23. Considérant qu’il résulte de l’état définitif de la créance de la caisse primaire d’assurance maladie de la Charente-Maritime que Mme F== a bénéficié, du 5 mai 2001 au 29 avril 2004, d’indemnités journalières à hauteur de 13 071,07 euros ; que la caisse établit également que les dépenses de santé et de transport liées à la prise en charge de l’intéressée se sont élevées à la somme de 8 236,99 euros ; qu’il résulte de ce qui précède que le remboursement de la somme totale de 21 308,06 euros à la caisse primaire d’assurance maladie de la Charente-Maritime incombe à la commune de Saint Jean d’Angély ; que cette somme portera intérêts au taux légal à la date, non pas du paiement des prestations, mais de la demande présentée par la caisse devant le tribunal administratif, soit le 1er mars 2011 ;

24. Considérant que la caisse primaire d’assurance maladie de la Charente-Maritime a droit en outre à la somme de 1 015 euros qu’elle demande au titre de l’indemnité forfaitaire prévue par les dispositions de l’article L. 376-1 du code de la sécurité sociale ; qu’il y a lieu de mettre cette somme à la charge de la commune de Saint Jean d’Angély ;

Sur l’application des dispositions de l’article L. 761-1 du code de justice administrative :

25. Considérant que ces dispositions font obstacle à ce qu’il soit fait droit aux conclusions présentées par la commune de Saint Jean d’Angély sur leur fondement ;

26. Considérant qu’il y a lieu, en application de ces dispositions, de mettre à la charge de la commune de Saint Jean d’Angély des sommes de 1 500 euros à verser aux consorts F== et à la caisse primaire d’assurance maladie de la Charente-Maritime au titre des frais exposés par eux et non compris dans les dépens ;

DÉCIDE :

Article 1er : La commune de Saint Jean d’Angély est condamnée à verser la somme de 64 248,78 euros à Mme F==, la somme de 1 000 euros à M. F== et la somme de 1 000 euros à C== F==.

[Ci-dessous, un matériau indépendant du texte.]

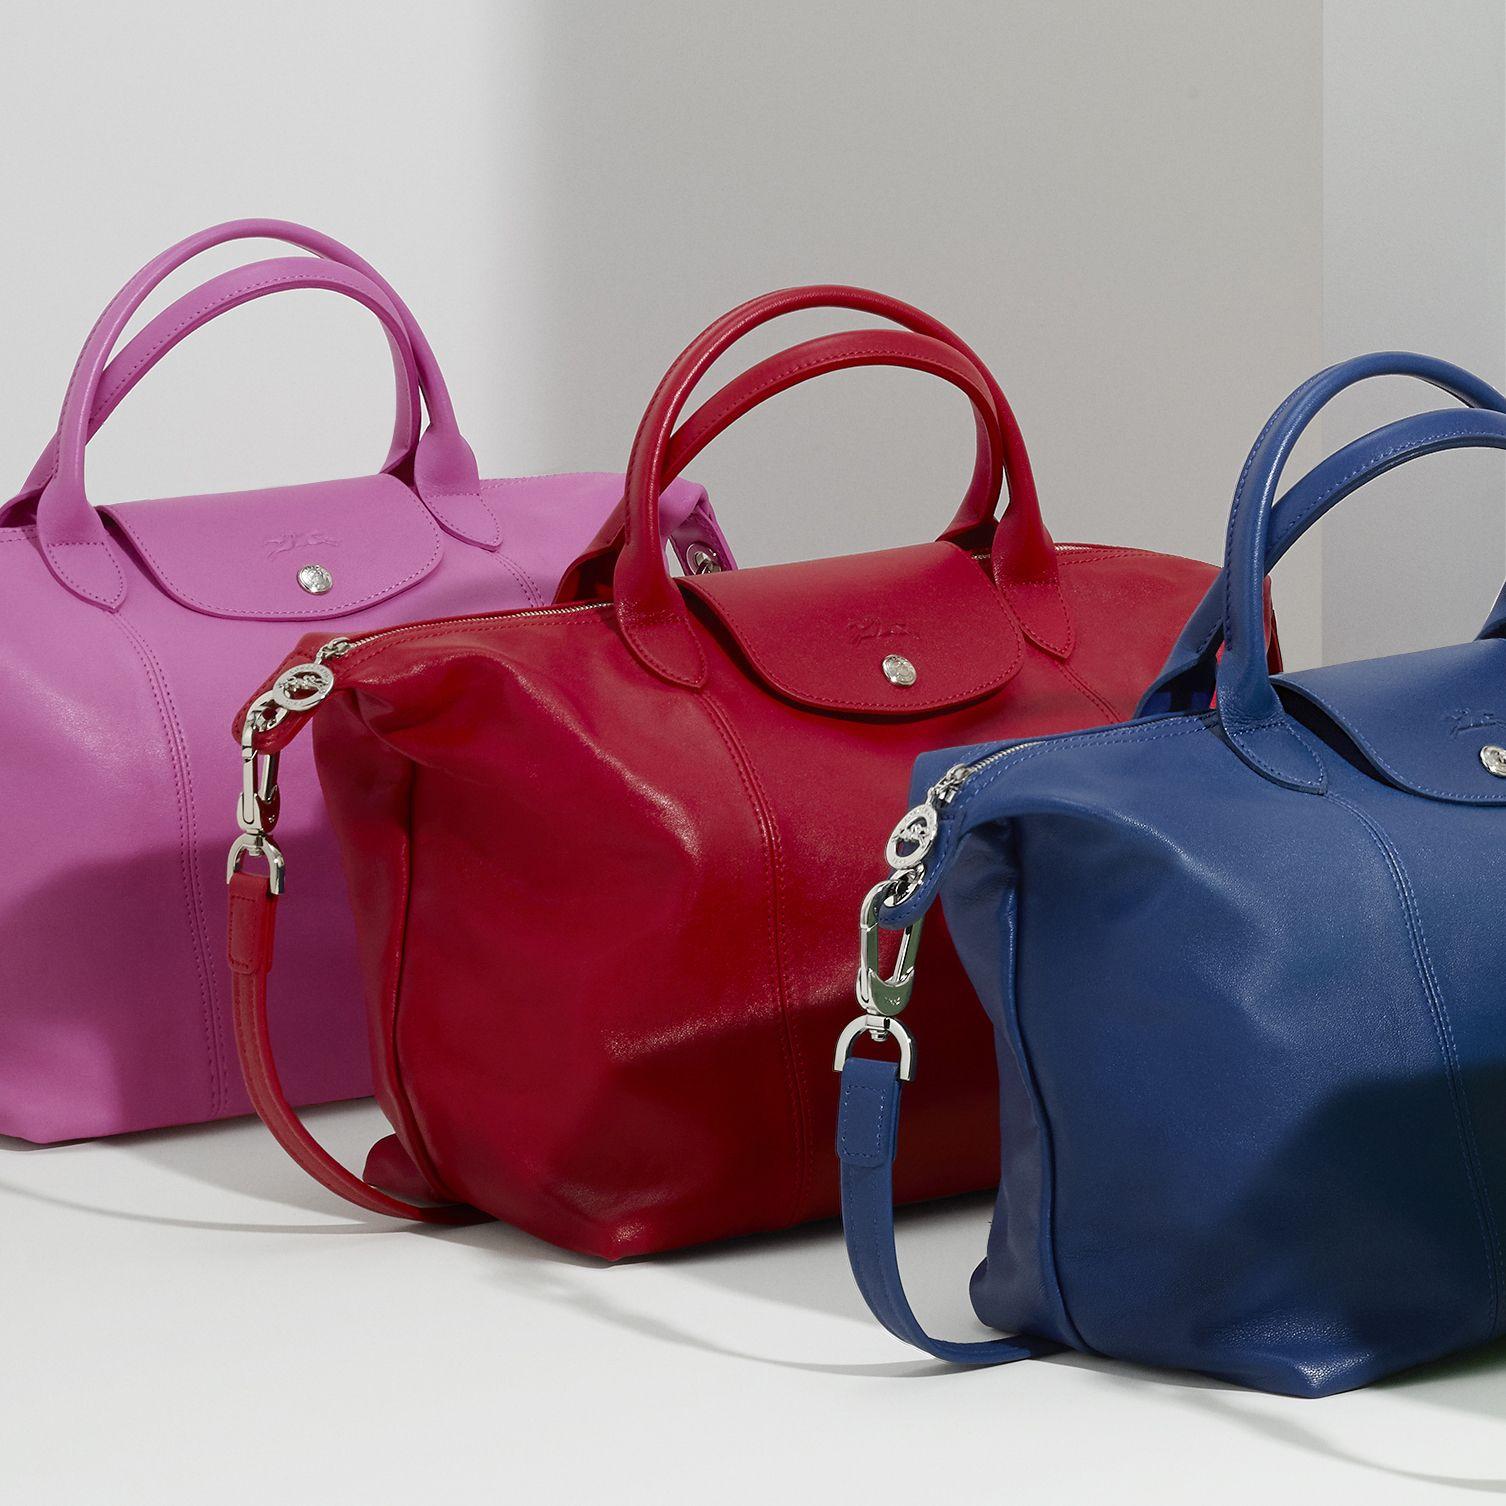 Carteras Longchamp Tamaños

Article 2 : La commune de Saint Jean d’Angély versera à la caisse primaire d’assurance maladie de la Charente-Maritime une indemnité de 21 308,06 euros, cette somme portant intérêts au taux légal à compter du 1er mars 2011, et une somme de 1 015 euros au titre de l’indemnité forfaitaire prévue par les dispositions de l’article L. 376-1 du code de la sécurité sociale.

Article 3 : Le jugement n° 1001814 du 25 octobre 2012 du tribunal administratif de Poitiers est réformé en ce qu’il a de contraire au présent arrêt.

Article 4 : La commune de Saint Jean d’Angély versera la somme de 1 500 euros aux consorts F== et la même somme à la caisse primaire d’assurance maladie de la Charente-Maritime au titre de l’article L. 761-1 du code de justice administrative.

Article 5 : Le surplus des conclusions des parties est rejeté.